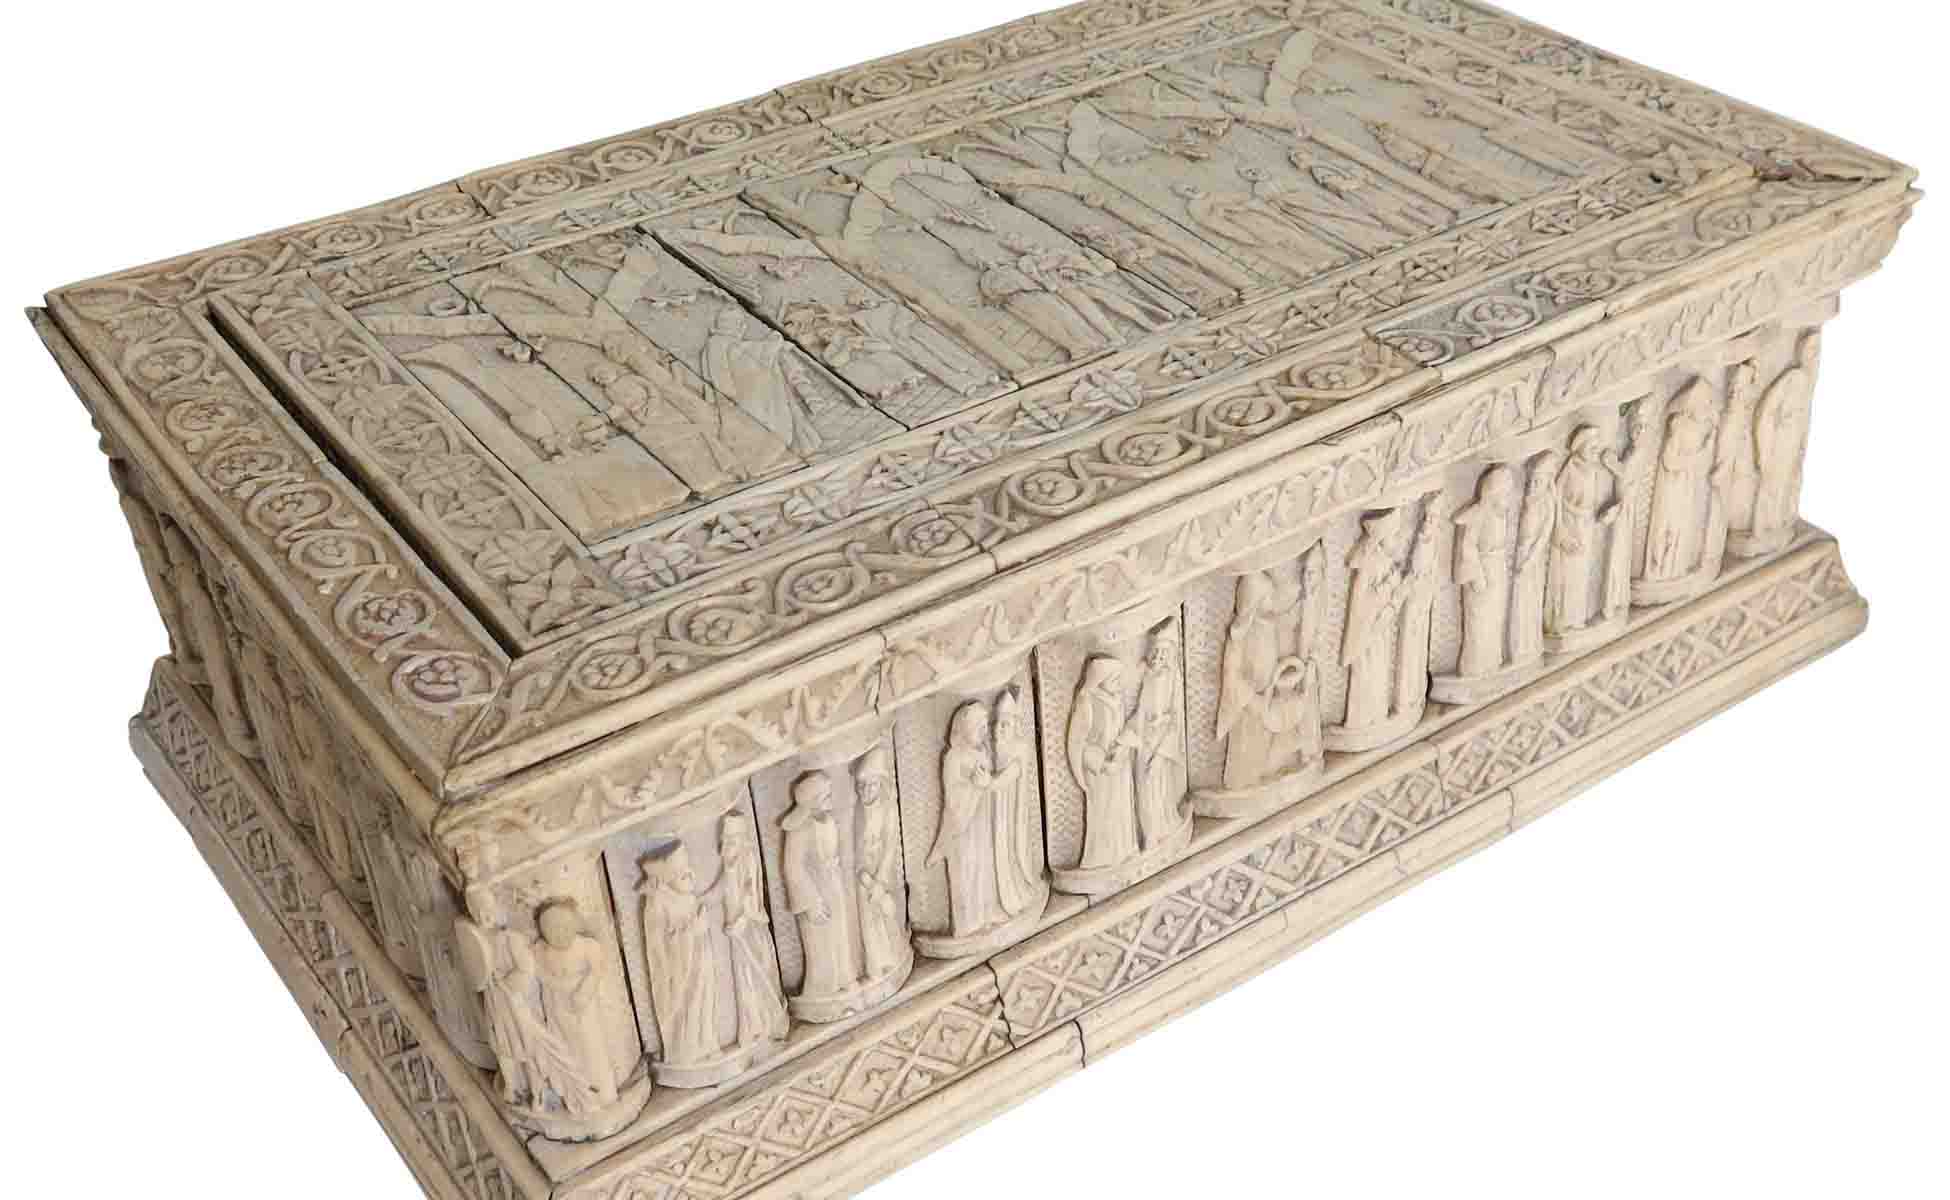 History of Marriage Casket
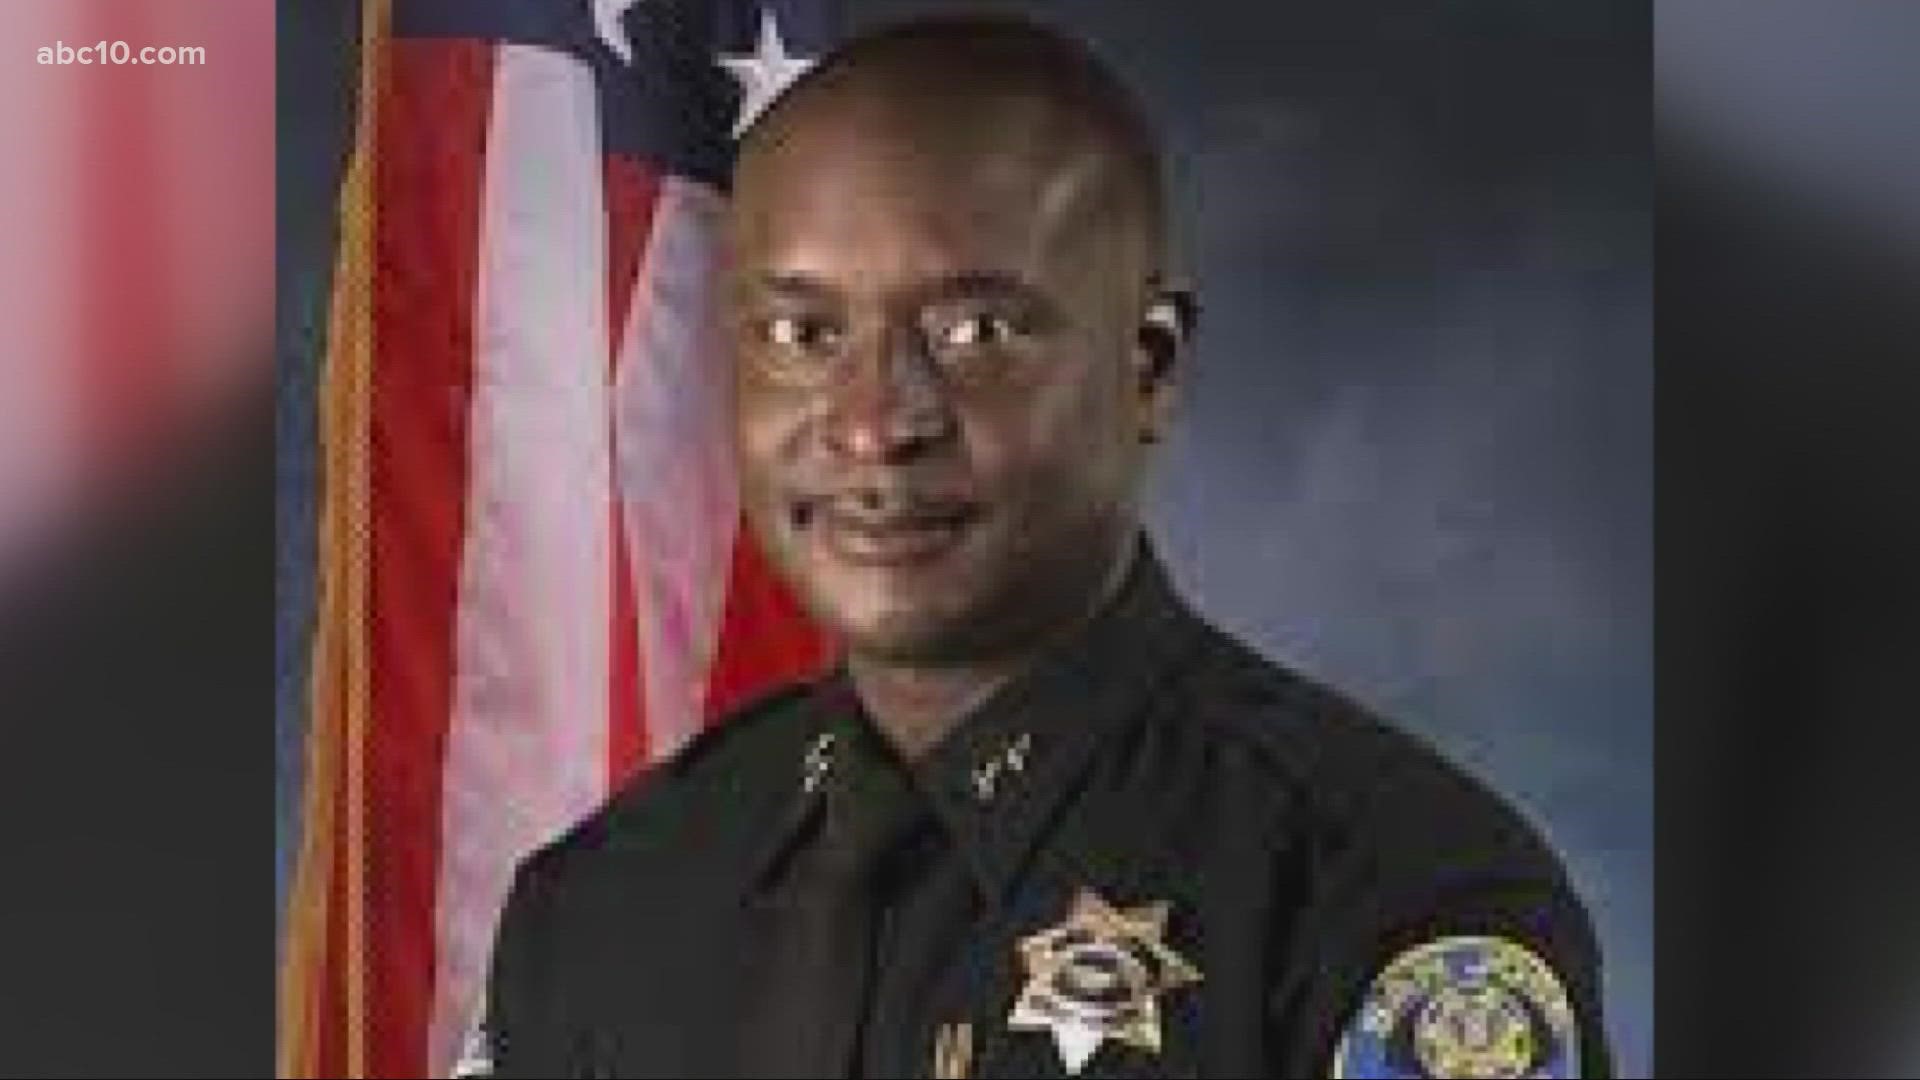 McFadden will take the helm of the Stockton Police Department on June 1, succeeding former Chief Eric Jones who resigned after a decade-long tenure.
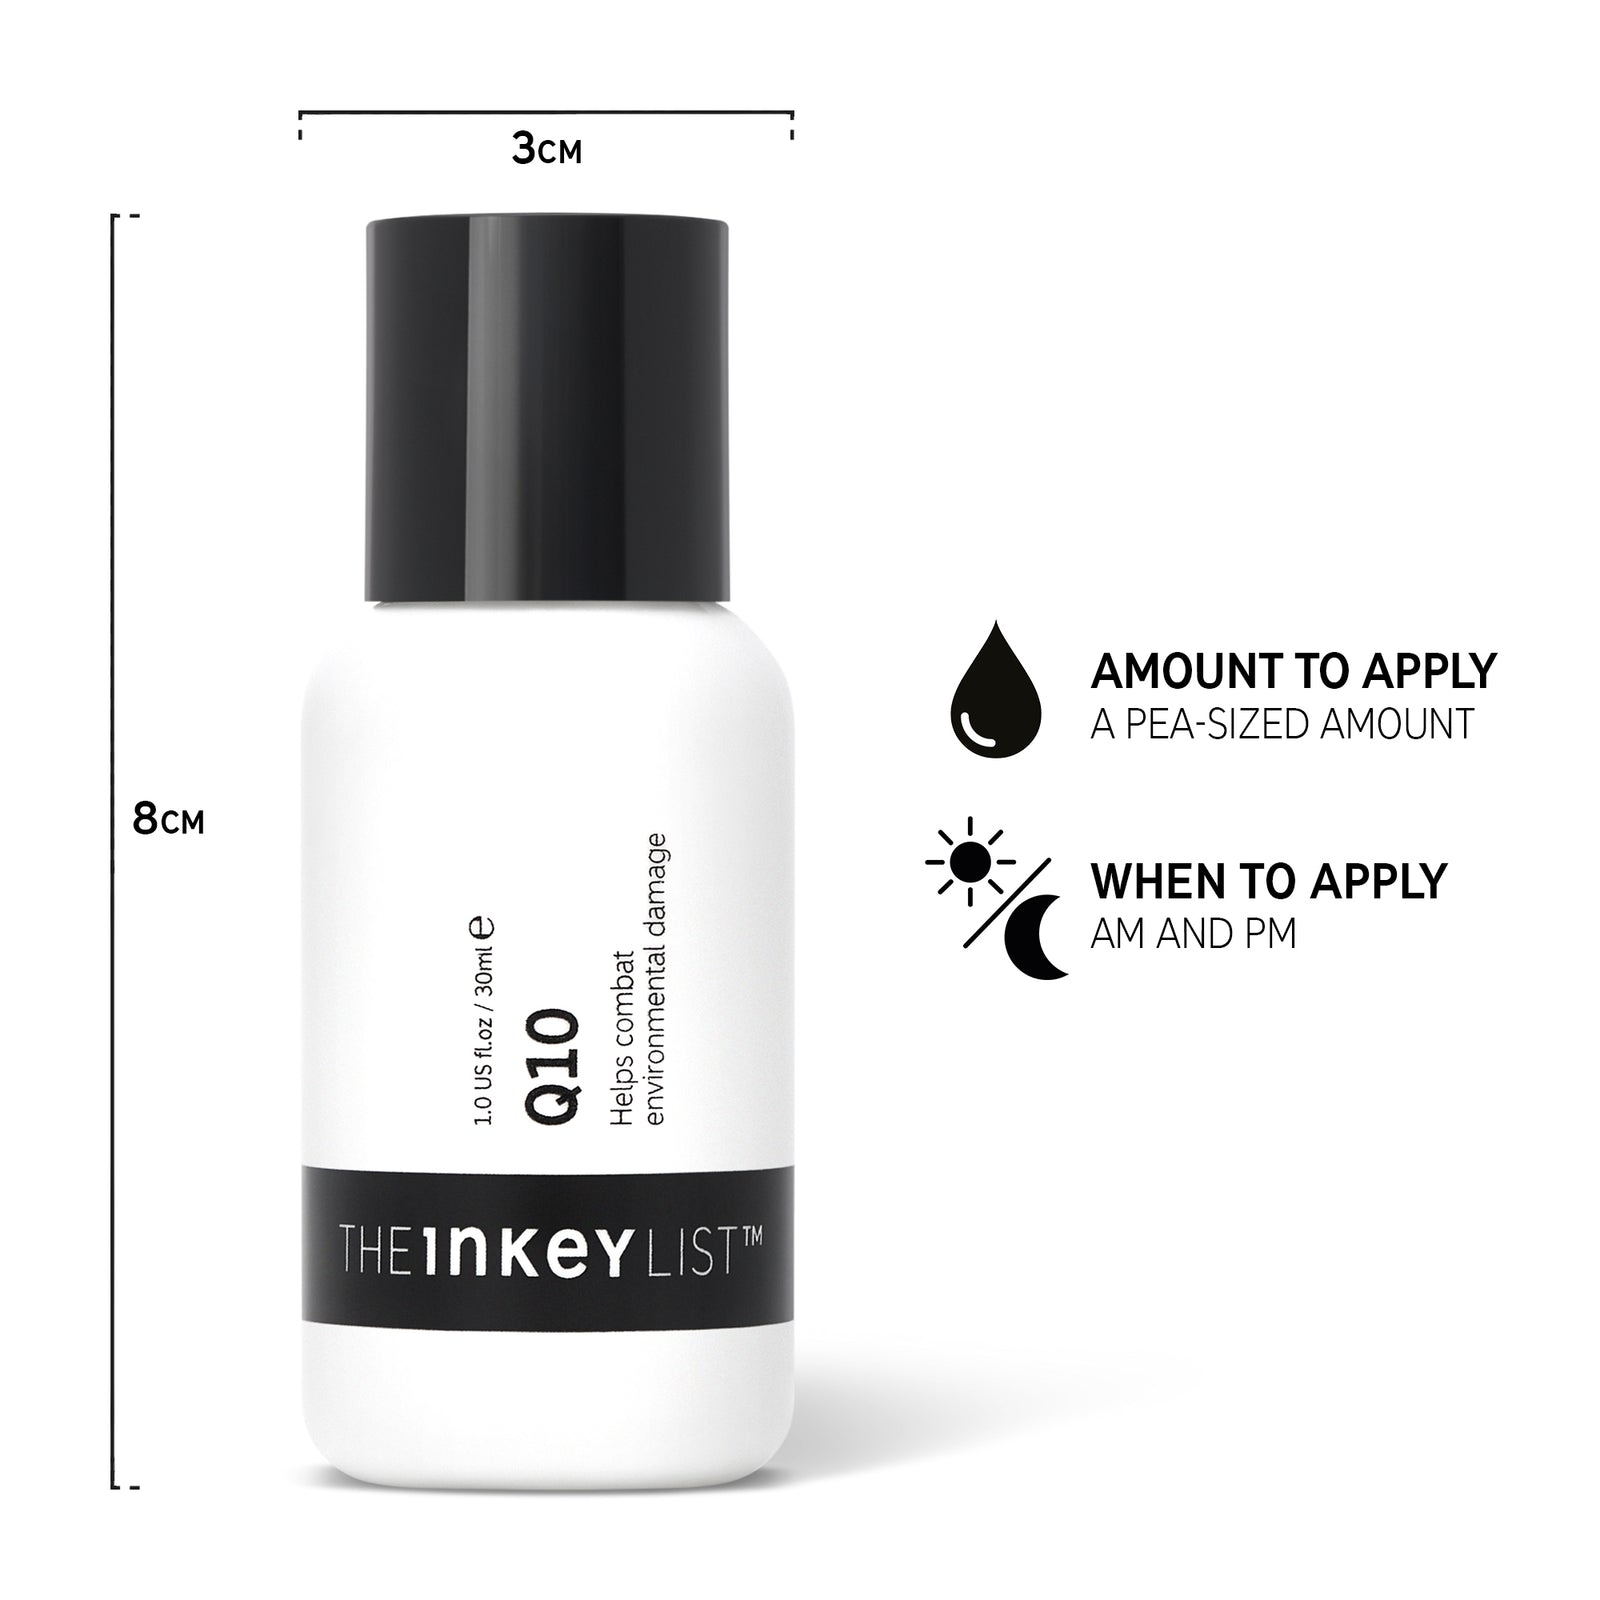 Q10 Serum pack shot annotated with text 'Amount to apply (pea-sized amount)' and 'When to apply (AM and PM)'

What is expected: Nothing but the pictures is to be left out; the rest of the listing should be copied exactly.

Task solution:
 History of Marriage Casket
 McFadden will take the helm of the Stockton Police Department on June 1, succeeding former Chief Eric Jones who resigned after a decade-long tenure.
 Q10 Serum pack shot annotated with text 'Amount to apply (pea-sized amount)' and 'When to apply (AM and PM)'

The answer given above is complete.